Susan M. Gordon, Principal Deputy Director of National Intelligence, provides recommendations and comments during the 2nd National Space Council meeting at the John F. Kennedy Space Center Space Shuttle Processing Facility, Florida, Feb. 21, 2018. The council met to discuss and hear testimony about the importance of the U.S. space enterprise. (DoD Photo by U.S. Army Sgt. James K. McCann) by CJCS Flickr photostream, licensed under CC BY-SA 2.0/Original

 

On Sunday, President Trump took to Twitter to announce the departure of Director of National Intelligence Dan Coats. As I said at the time, this is a good thing. Coats has, in my view, shielded the intelligence community from experiencing the consequences of their illegal meddling in the 2016 election in a failed attempt to elect Hillary Clinton and their subsequent involvement is what can only be described as a soft coup attempt. Now that the special prosecutor looking into how this nonsense started is closing in on a lot of people, Coats will be required to assist in providing access to people and documents. He really couldn’t be relied upon to do so as he’s made it very clear that he does not believe he’s actually part of the administration.

His departure set up a quandary. By law, the designated successor is the deputy director. This makes the ODNI different from basically every other federal agency where the Federal Vacancies Reform Act applies. The problem was that the deputy, Sue Gordon, was an acolyte of John Brennan and a close friend of CIA director Gina Haspel. Brennan, in any other country, would have been imprisoned for treason by now. Haspel was chief of CIA’s London Station as some American agency made numerous runs at members of the Trump campaign team in that city to try to compromise them. Her personal relationships and her quarter-century at CIA all combined to not give a warm fuzzy feeling that she would cooperate with John Durham’s investigation. I advocated dismissing her, along with Coats, using the FVRA to select her successor and then allowing that person to succeed Coats.

When my post hit Twitter, I was inundated by idiots claiming this could not happen because, apparently, Sue Gordon is mentioned in the Constitution or something. Amazingly, a lot of Twitter morons believe that Executive Branch agencies do not respond to directives from the White House because they “serve the people.” In this bizarro world, the agencies do whatever the hell they want…so long as they are doing what the left wants. You don’t find the same argument used now that Education and HHS are eradicating much of the progressive agenda.
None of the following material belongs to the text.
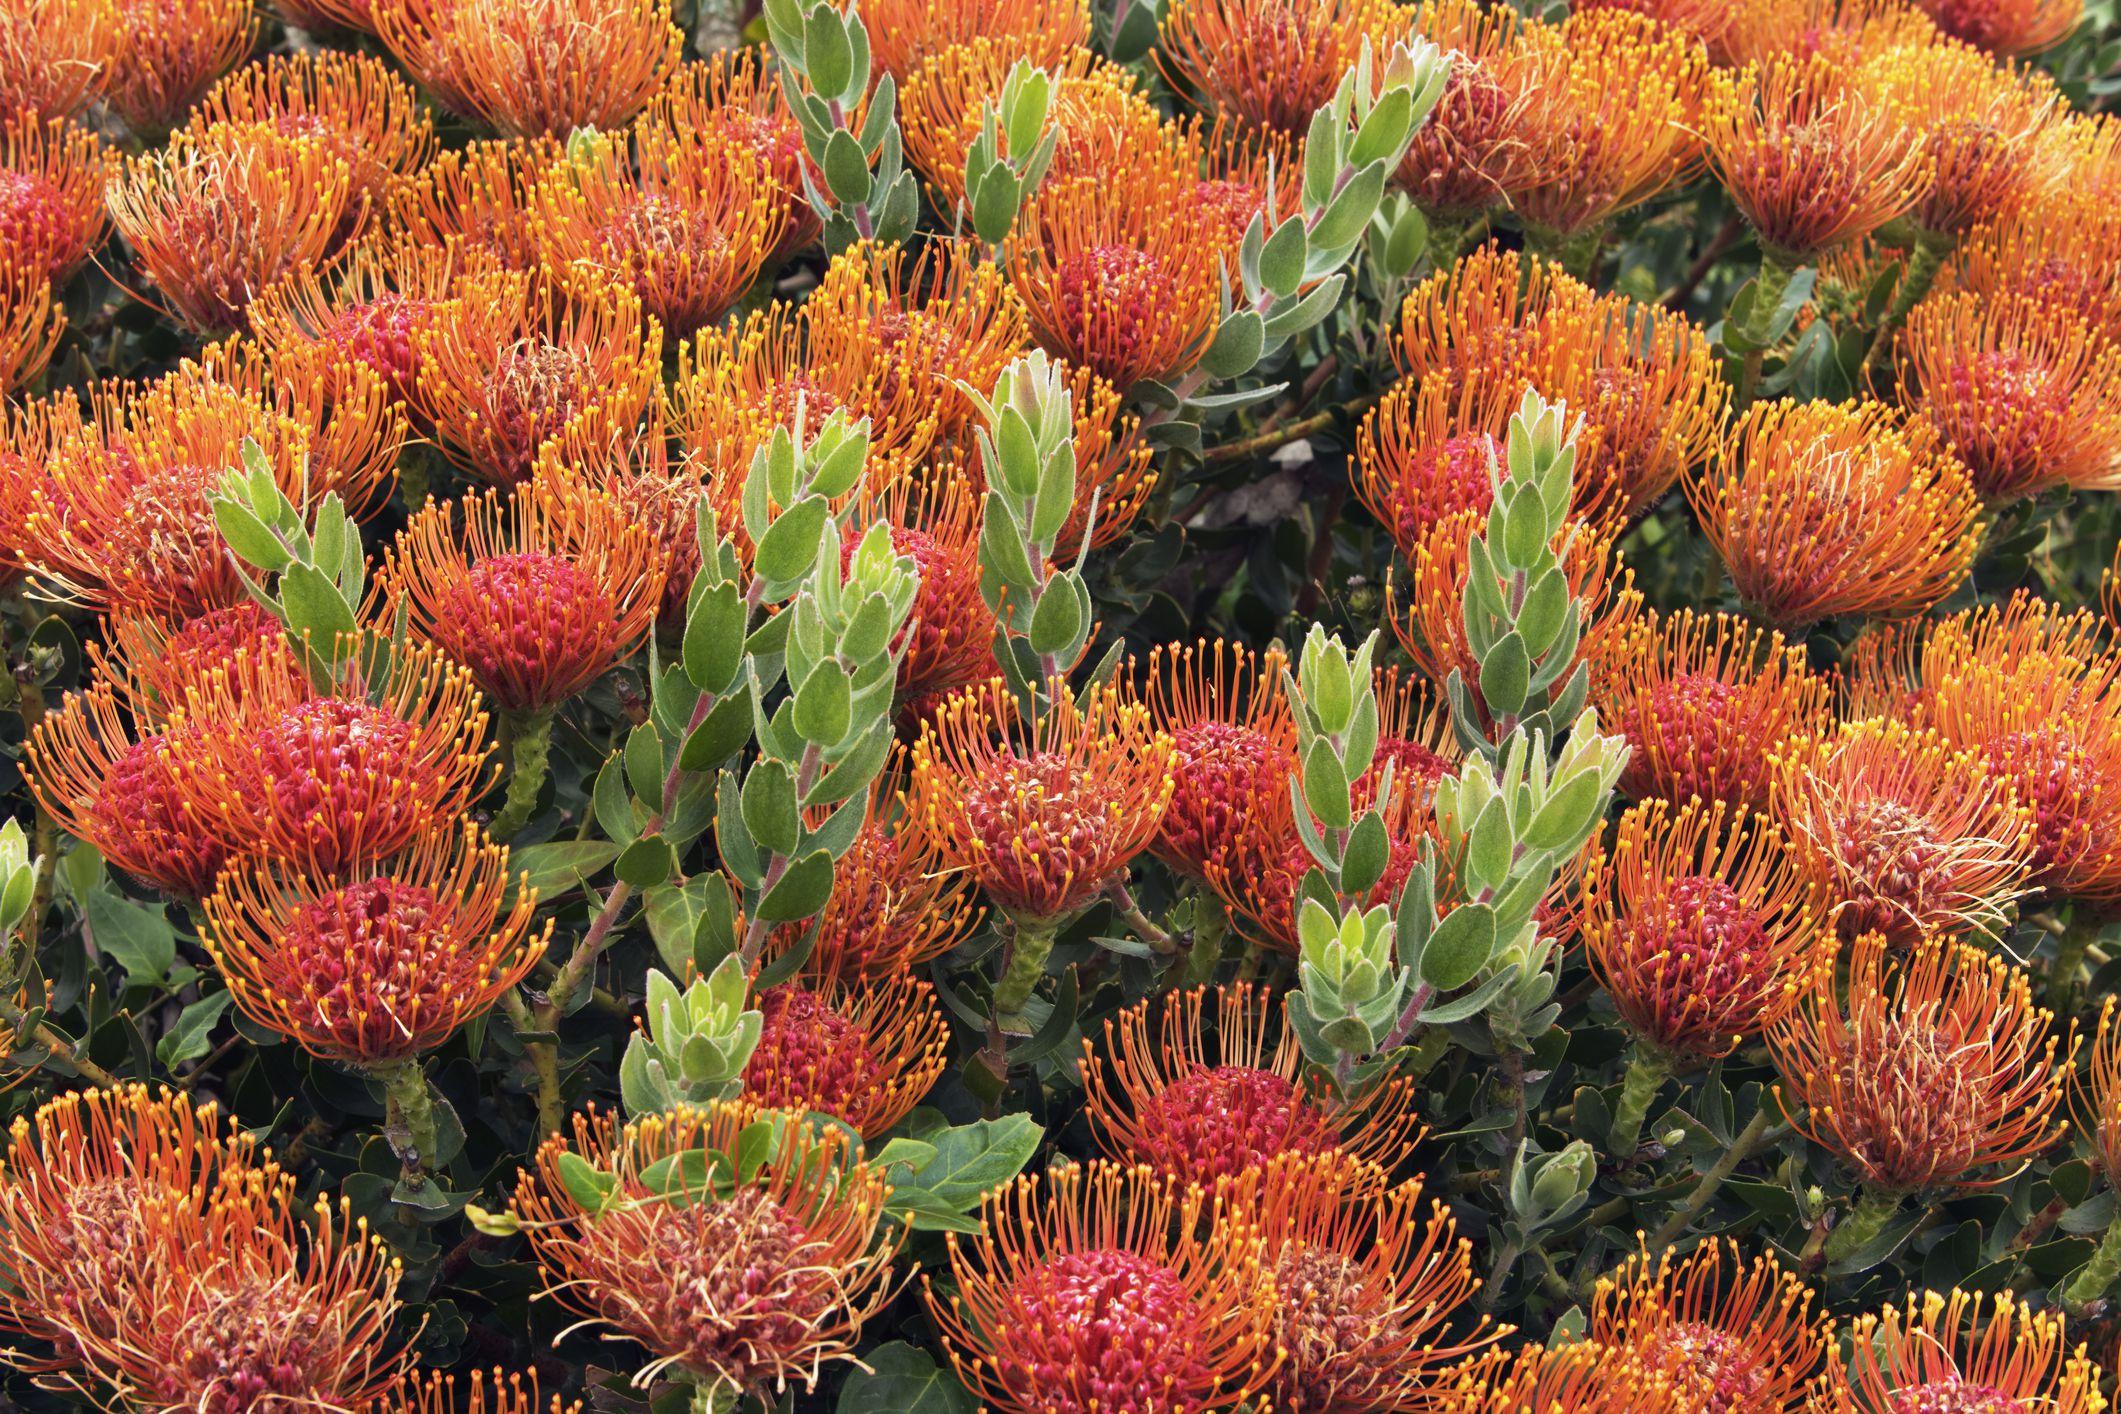 Orange flowers of Pincushion protea shrub (Leucospermum)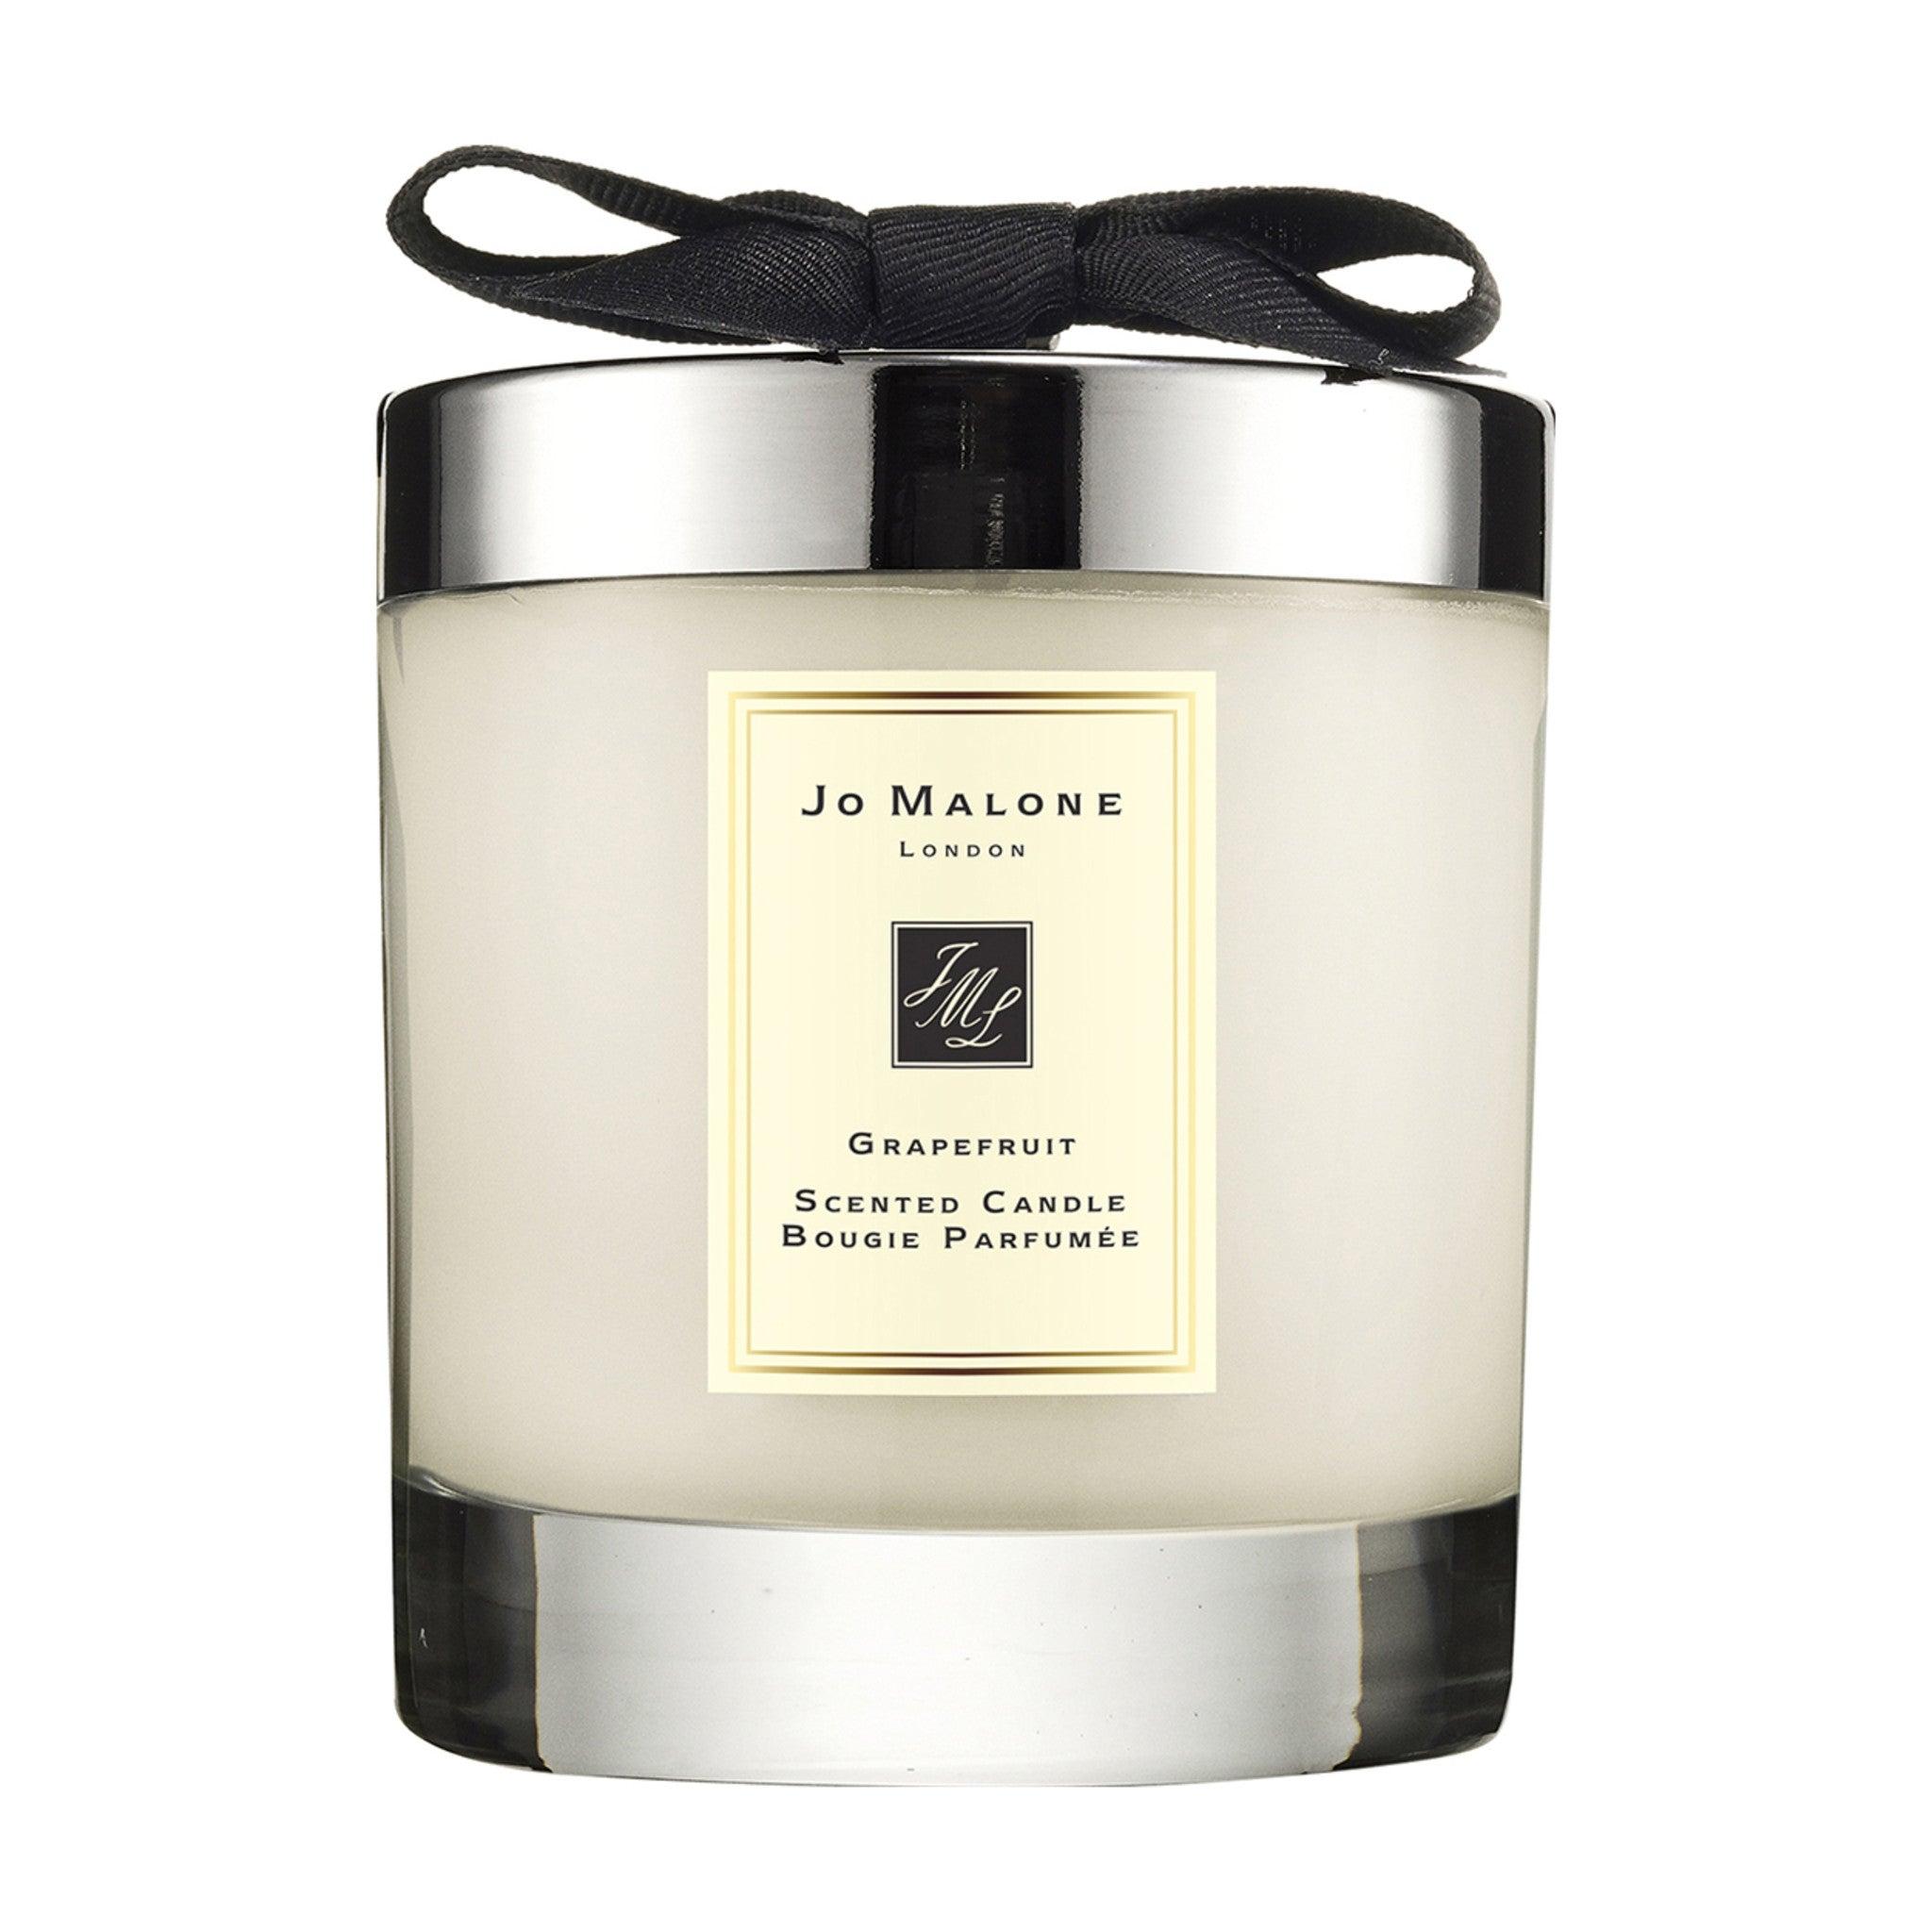 Jo Malone London Grapefruit Home Candle

And, trust me, these goofs don’t want a lot of armed men deciding they’ve had all the Antifa bullsh** they are going to stand for and rolling into Portland to stand that odoriferous crew up against an wall because they are “serving the people.”

Anyway, yesterday Gordon did the right thing. She resigned.

Does this mean I had some inside knowledge or special gift? No. It only means that I could read the law and that TDS hadn’t caused a chronic crainio-rectal infarction that prevented me from seeing what was obviously going to happen. And it continues:

I have to say I was somewhat shocked to find anyone in the federal bureaucracy that still had a sense of honor, much less within the upper reaches of the intelligence community and law enforcement, but perhaps I’ve become too jaded at the antics of Comey and McCabe and Strzok and Mueller and Weissmann and Clapper and Morrell and Brennan to accurately appraise those agencies. She knew the President didn’t have a lot of confidence in her and rather than become another Sally Yates, she accepted that and allowed the President to create his own team without drama.